# Led comparison samsung vs cree vs nichia



## bikerjay (Sep 16, 2007)

I made a spread sheet to help me choose the best LEDs for an upcoming build. I like 4000-5000k color the best and will be running them at 1500ma so this is what the sheet shows.

Values high lighted in green were calculated by me other values I pulled from data sheets as best as i could.

Here is the link:

https://docs.google.com/spreadsheet...WlF5V3VBYnl3eGc&single=true&gid=0&output=html

For a 6 up i will be using 4 xt-e and 2 samsung

for a 3 up it will be 2 xt-e and a samsung

This should be a nice mix of thow and flood and a nice 72.5 CRI 5000k beam.
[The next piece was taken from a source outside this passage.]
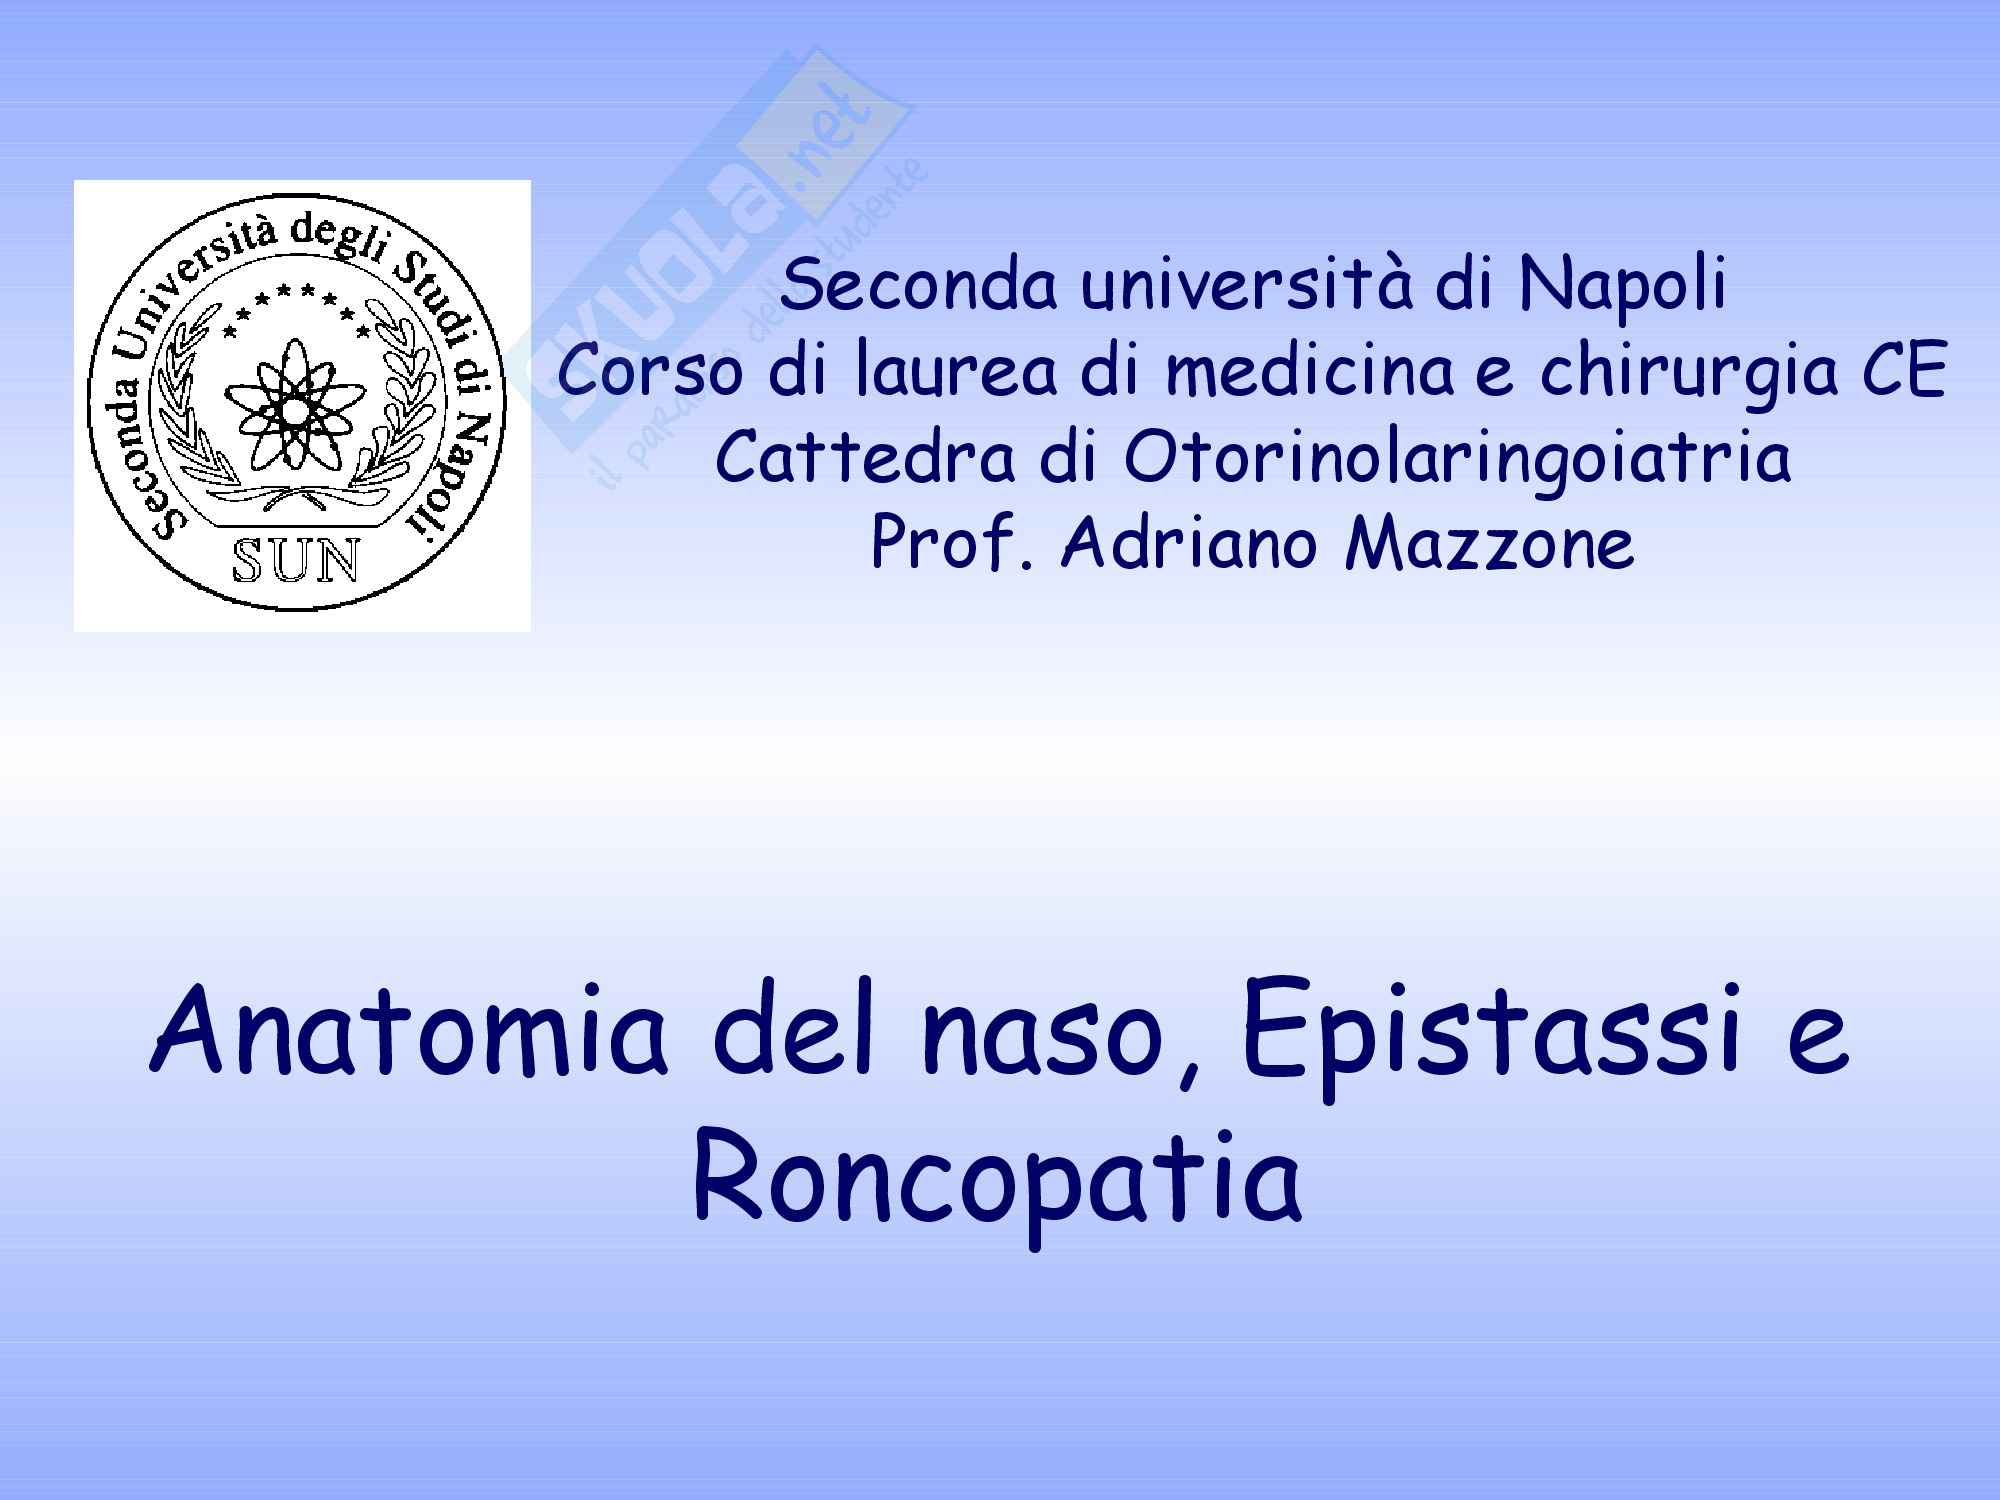 Otorinolaringoiatria - epistassi e roncopatia

Note the throw category where I ranked em according to personal preference and beam shots from lux-rc / quazzle. 1 being the best thrower.

Of interest is that for flat out performance the XML is still king even in the neutral 5000K. Of course it just does not lend it self to the builds I have in mind.

Seems like nichia is only a contender is warm white not cool or neutral.

We sure have come a long way from the xp-e which I did not even consider.


----------



## yetibetty (Dec 24, 2007)

You might want to also consider the Oslon from Osram. I have no idea if they are any good or not but have ordered a sample from here: OSRAM Opto Semiconductors | OSLON Square


----------